** Data in this exercise follows **

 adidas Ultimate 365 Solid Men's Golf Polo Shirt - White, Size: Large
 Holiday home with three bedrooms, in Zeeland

** End of Data in this exercise **
** Data in this exercise follows **

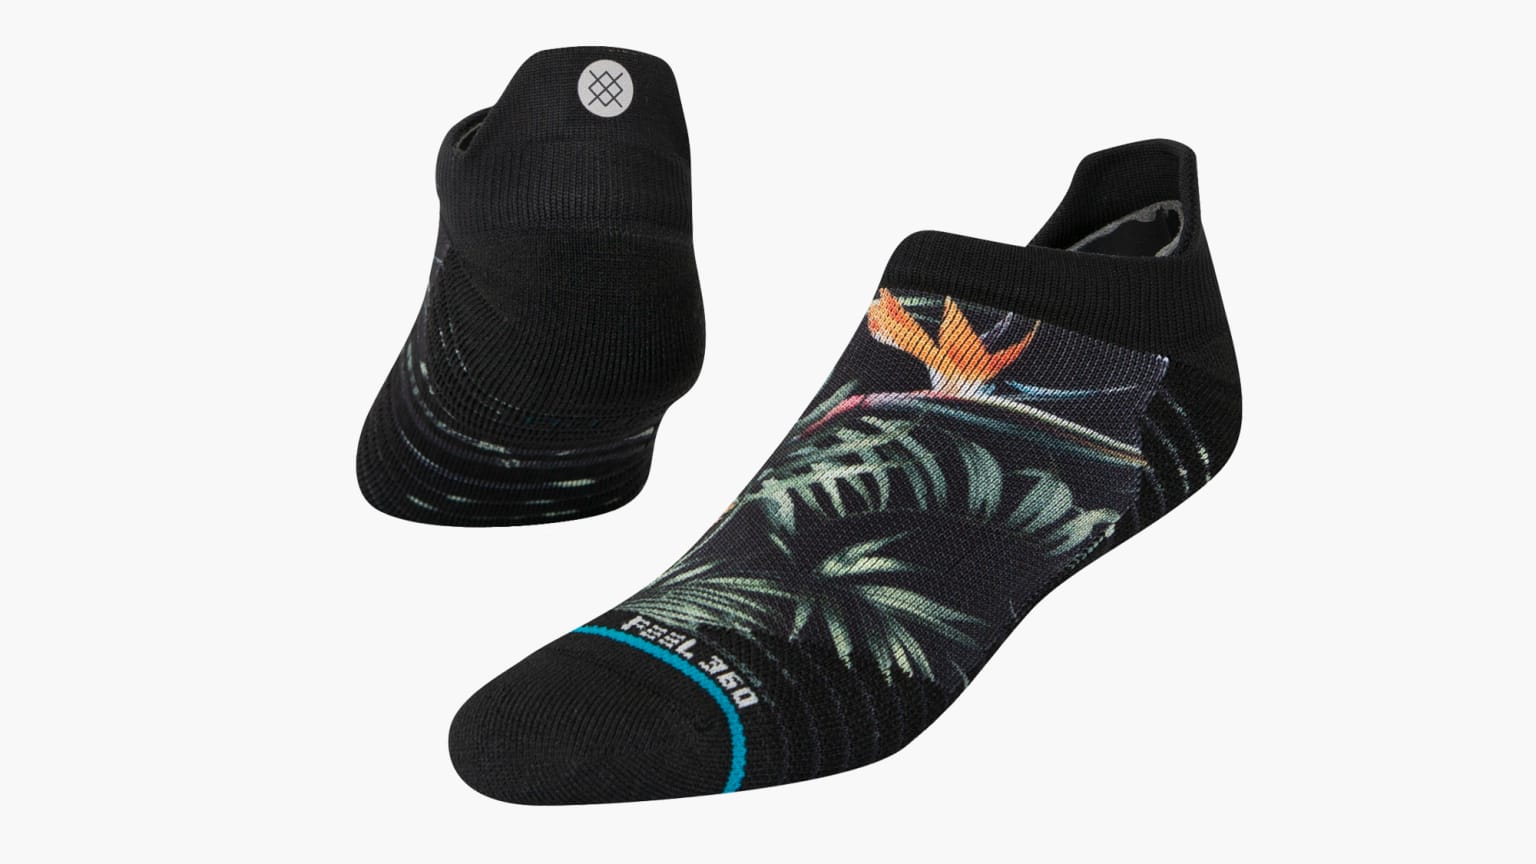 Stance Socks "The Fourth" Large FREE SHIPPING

** End of Data in this exercise **

Task. Using only the entries above, output the line with "adidas Ultimate 365", the line with "Holiday home with three bedrooms, in Zeeland", and all lines between them, exactly as they stand.

Exercise answer.
 adidas Ultimate 365 Solid Men's Golf Polo Shirt - White, Size: Large
 Holiday home with three bedrooms, in Zeeland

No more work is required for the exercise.